DATASET:
======

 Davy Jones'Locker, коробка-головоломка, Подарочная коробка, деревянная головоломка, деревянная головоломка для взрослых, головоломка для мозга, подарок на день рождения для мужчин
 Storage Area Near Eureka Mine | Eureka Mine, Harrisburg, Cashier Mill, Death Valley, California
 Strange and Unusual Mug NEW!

======

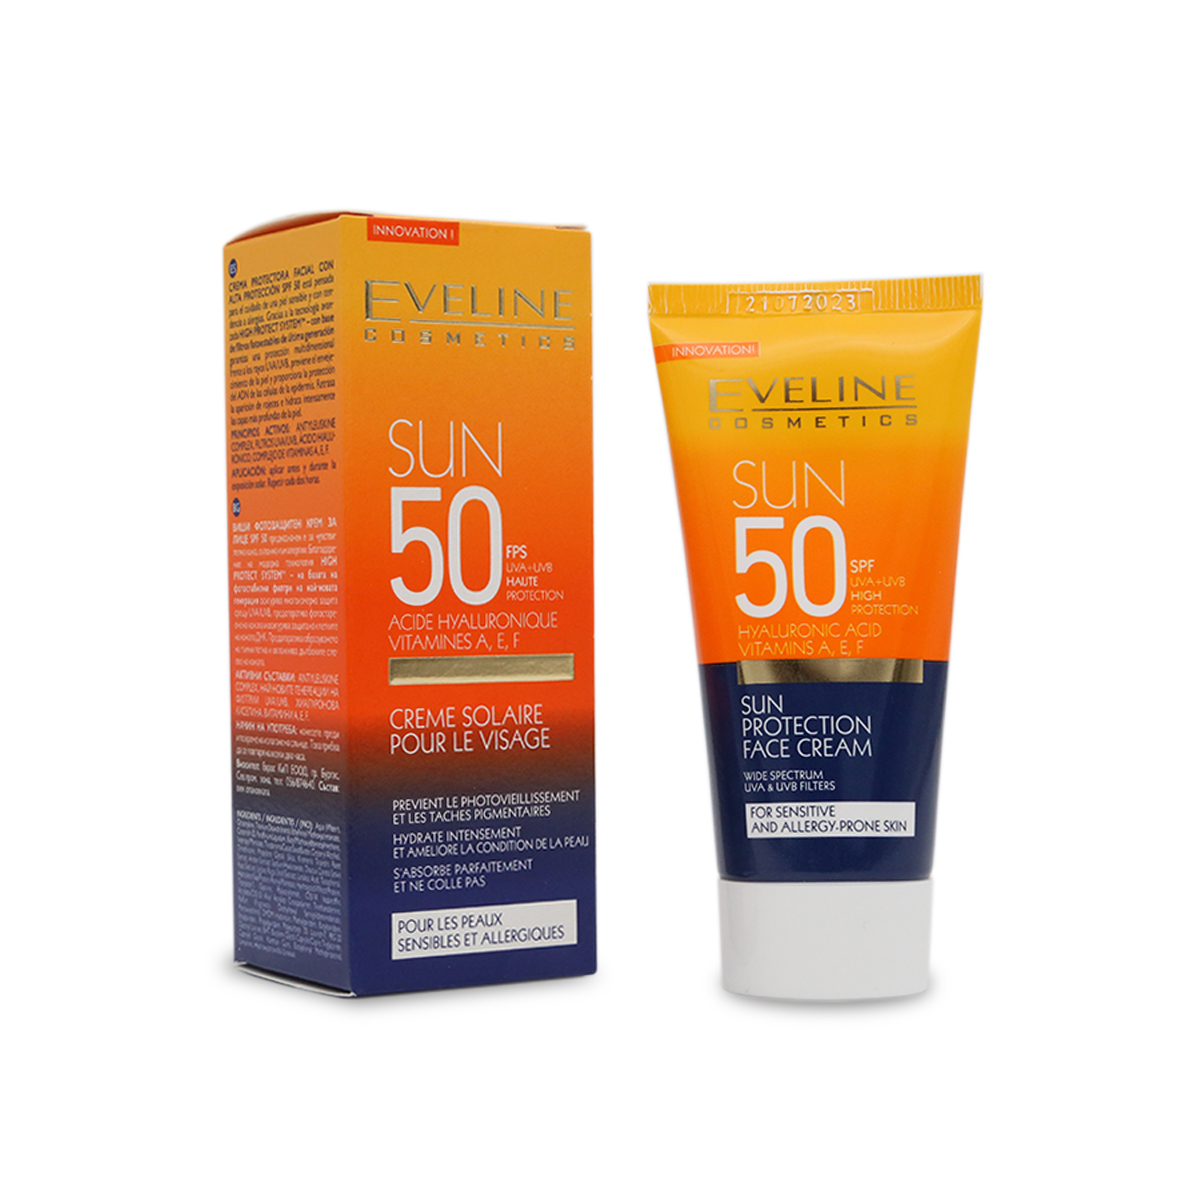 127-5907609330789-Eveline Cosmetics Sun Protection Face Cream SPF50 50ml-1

======

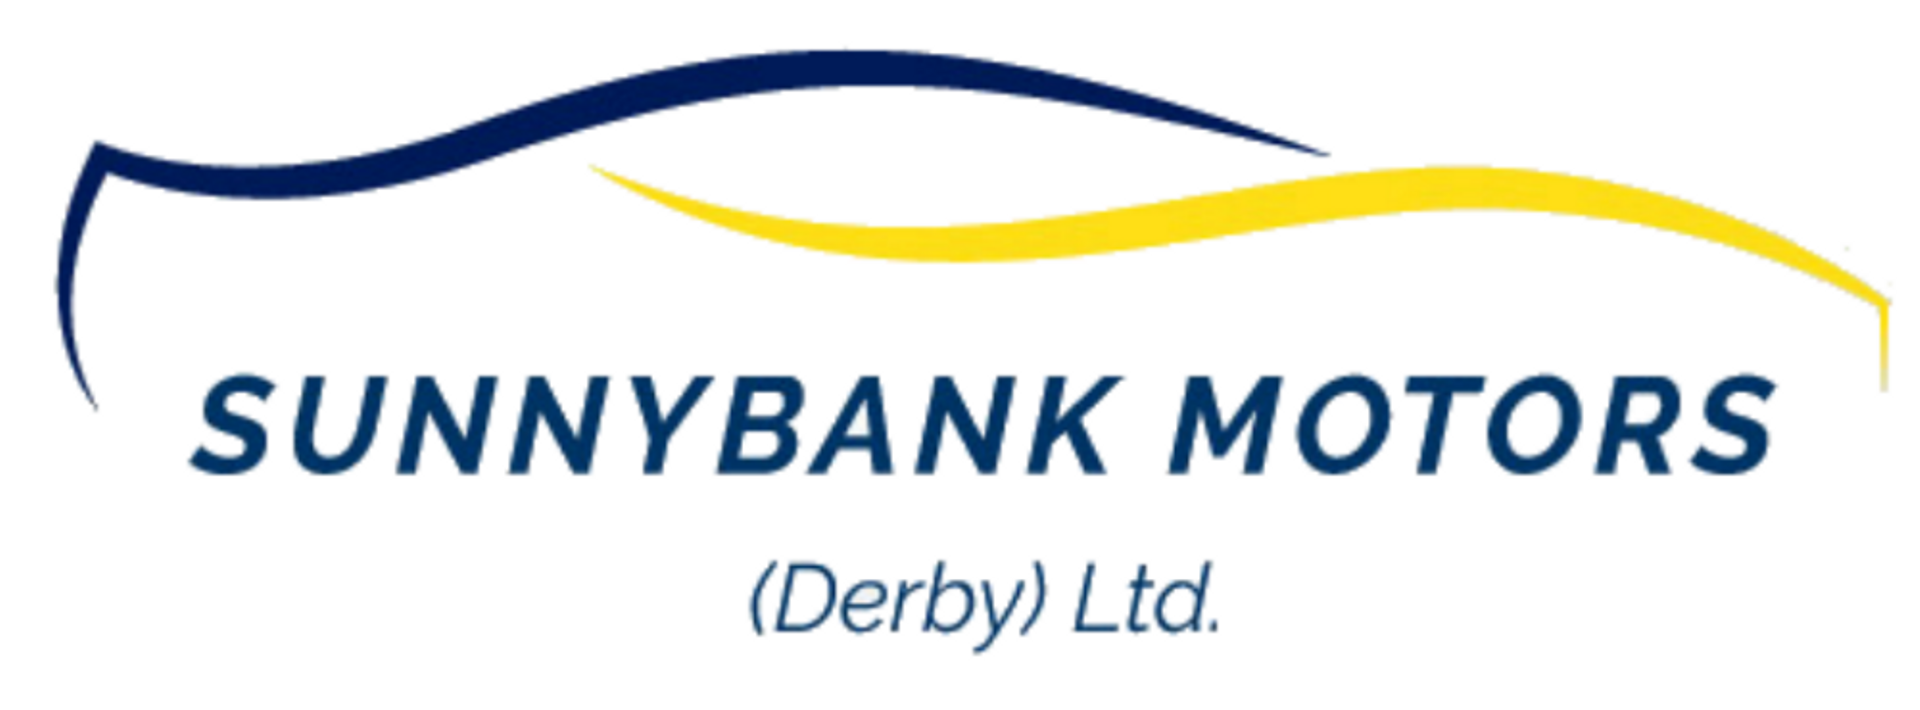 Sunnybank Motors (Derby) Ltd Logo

======

TASK TO COMPLETE:
Please write out, exactly as they appear above, only the lines in the stretch from the line with "Storage Area Near" through the line with "Strange and Unusual Mug NEW!".

ANSWER BELOW:
 Storage Area Near Eureka Mine | Eureka Mine, Harrisburg, Cashier Mill, Death Valley, California
 Strange and Unusual Mug NEW!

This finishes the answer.